Mercedes-Benz won the recent Indianapolis 500 with an invincible display of German power, right? Wrong. What Mercedes did was to buy its way into the winner's circle through a side door marked 'British technology'. Competition success is rarely what it seems these days.

As motor-racing fans know, the Penskes that dominated this year's Indy 500 were made in Poole, Dorset. And although their 1,000bhp engines carried the Mercedes name, they were conceived, designed and built for the race by Ilmor Engineering at Brixworth, Northamptonshire. Mercedes's master-stroke came from an accountant's pen.

It paid for the development costs of an engine made by a firm with a remarkable record in the US. Bearing the name of its former client, Chevrolet, it had won six Indy 500s on the trot. Mercedes gambled that Ilmor could make it seven.

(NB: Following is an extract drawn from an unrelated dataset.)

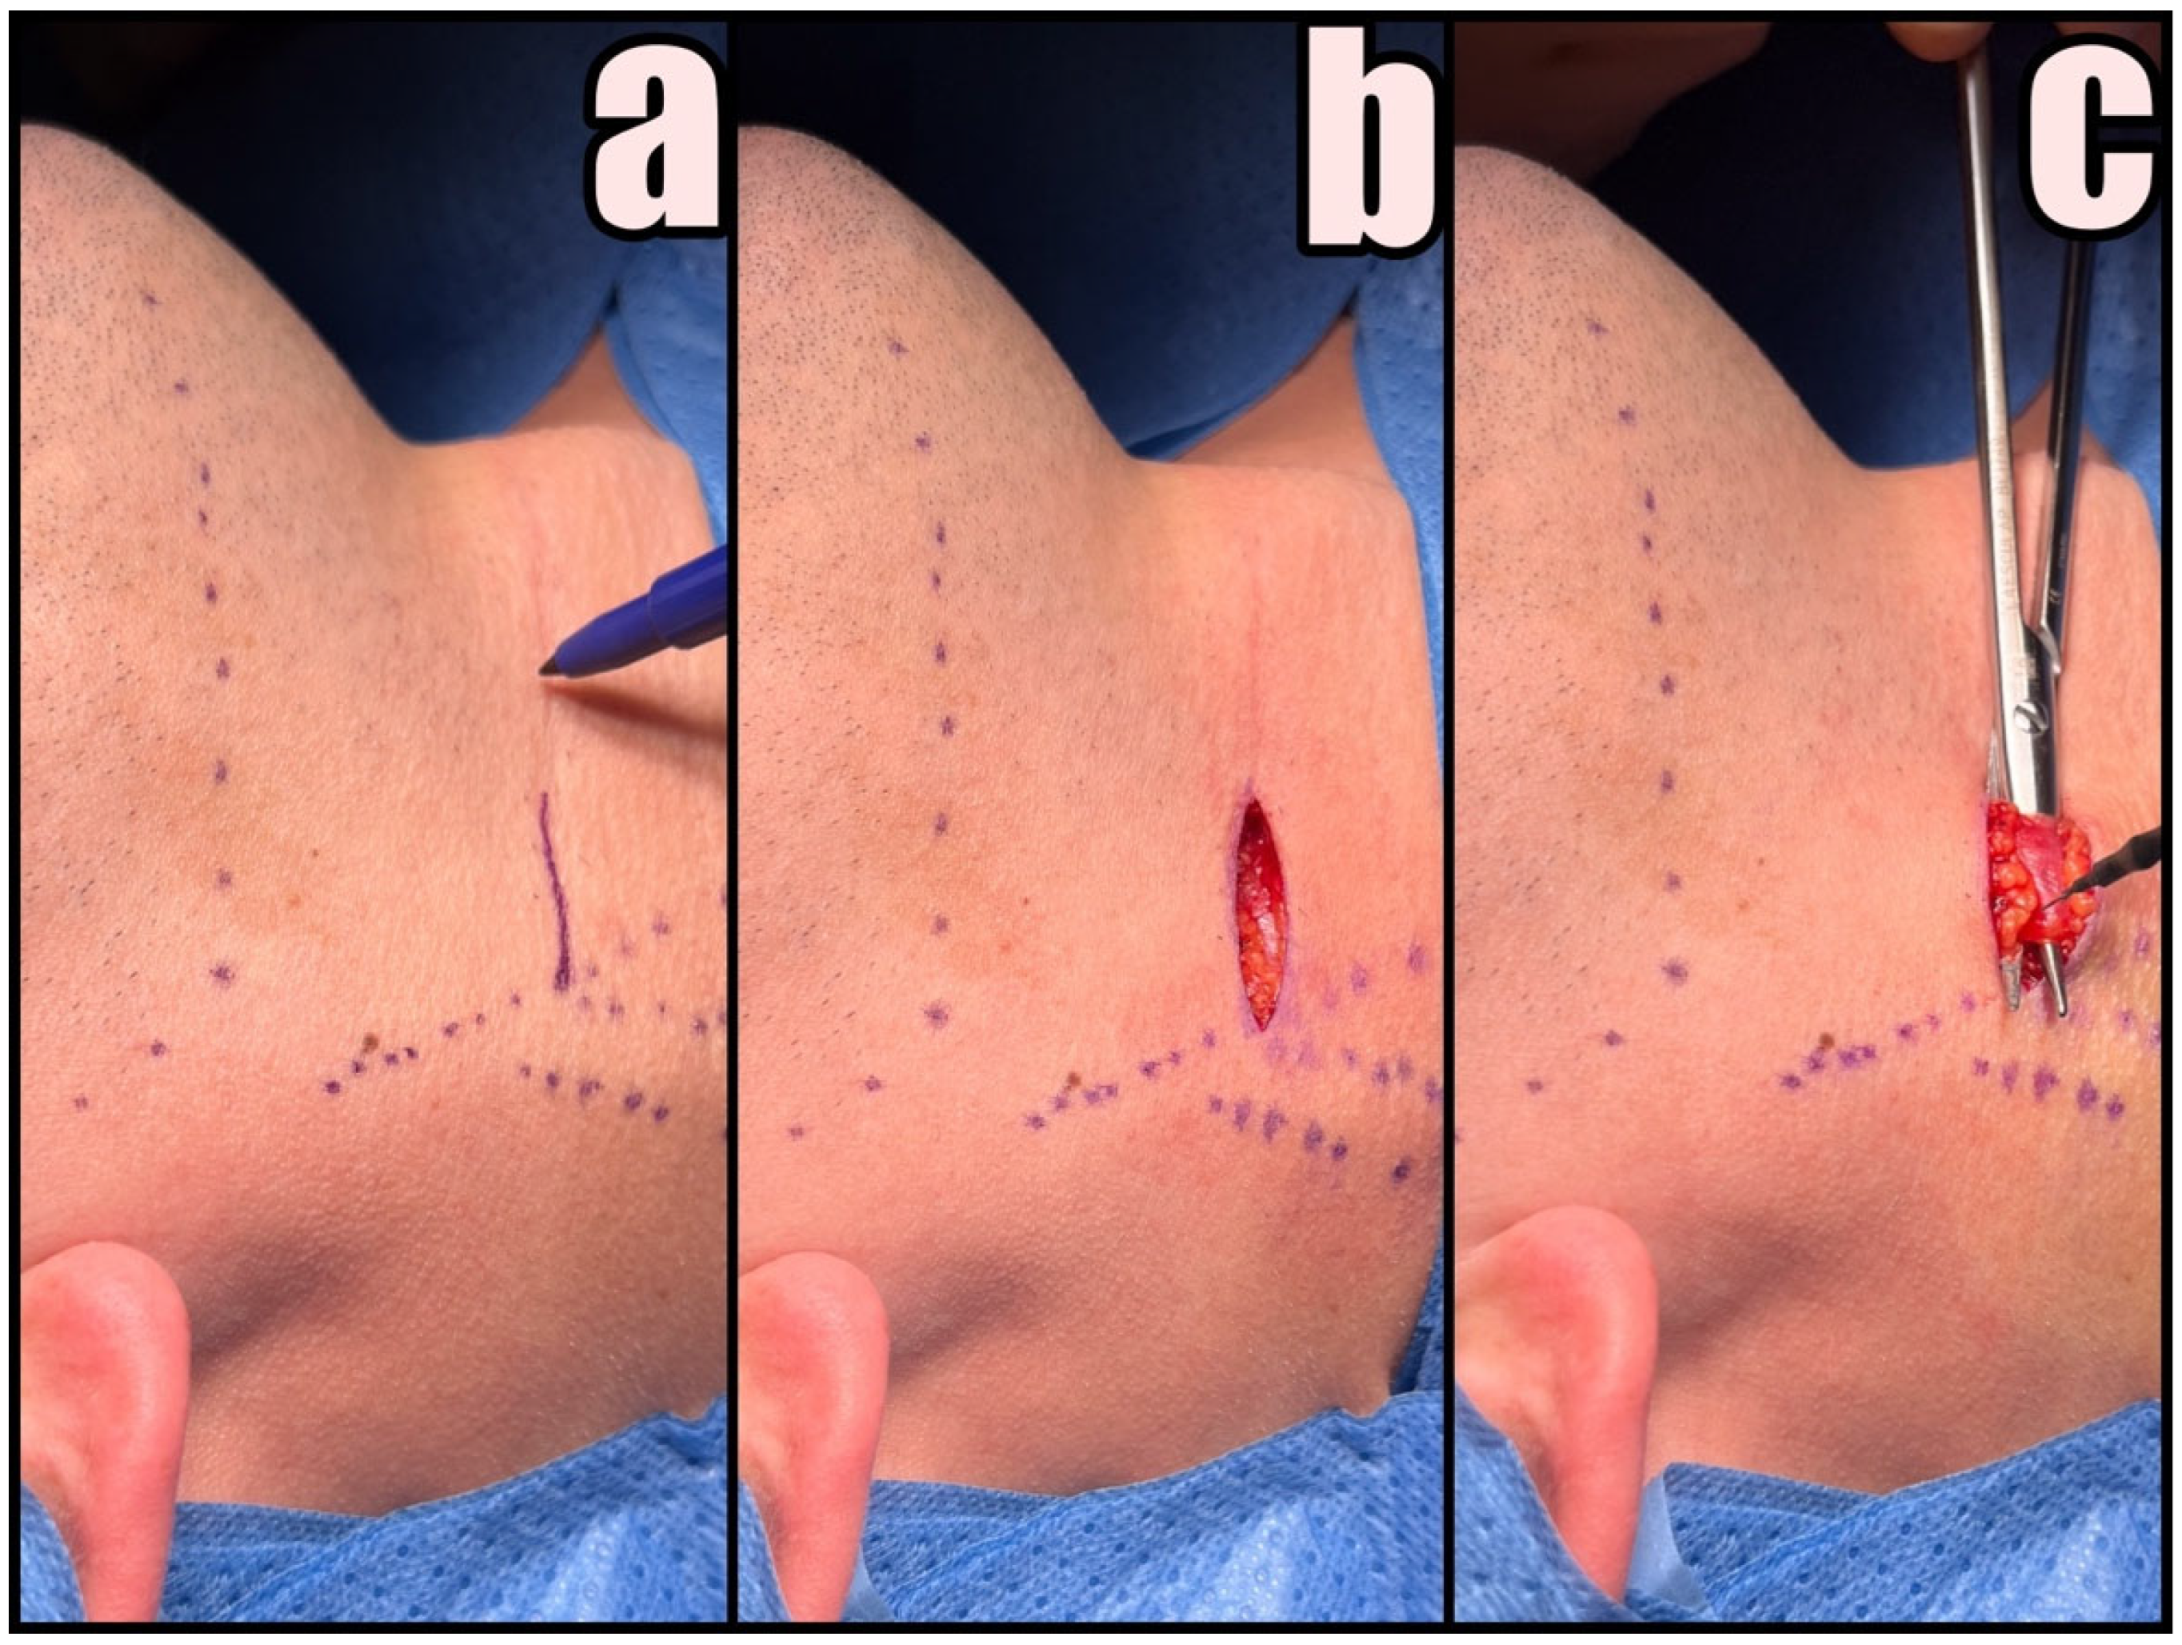 a, b, c. A. Marking of the incision containing the pilonidal cyst and 2

Whatever the (undisclosed) cost, Mercedes, which also bought Chevrolet's 20 per cent stake in Ilmor, got a bargain. The Penskes trounced the opposition in front of a television audience of hundreds of millions. It was the motor-racing coup of the decade.

Mercedes used to design and build its own competition cars, and race them with military precision and conspicuous success. But the cost was astronomical and the brain drain huge, to the detriment of other development programmes. Now, Mercedes concedes that it is too big, bureaucratic and inflexible to meet the fast-moving demands of top-level motor sport on its own. It has taken the path of other makers seeking to boost image and sales through motor sport - entrusting the job to experts.

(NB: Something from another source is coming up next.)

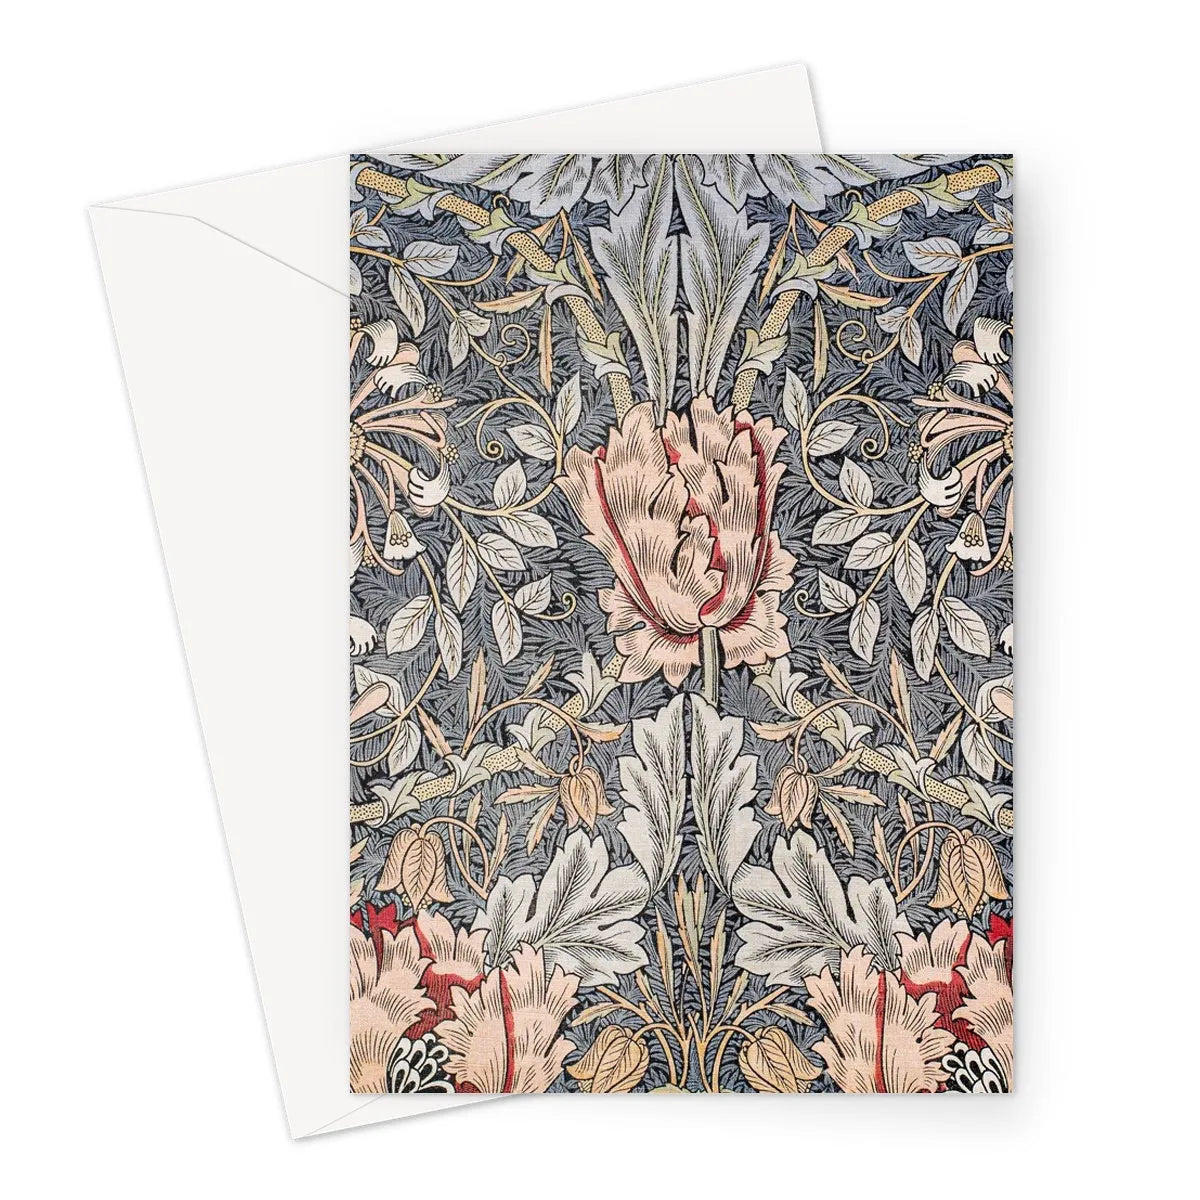 Honeysuckle By William Morris Greeting Card - A5 Portrait / 1 Card - Greeting & Note Cards - Aesthetic Art

Penske be will running Mercedes-badged Ilmor engines throughout the IndyCar series next year, as Sauber does in Formula 1 now. Another specialist, AMG, is responsible for the spectacular Mercedes racing saloons that draw huge crowds to the German Touring Car Championship, plus an international television audience estimated at 60 million.

Ford has approached motor racing in this way for decades. Half the cars competing in the US Nascar saloon-car racing series (which has a bigger following in the States than Formula 1 or IndyCar) masquerade as Fords, although they have little in common with production models except body panels.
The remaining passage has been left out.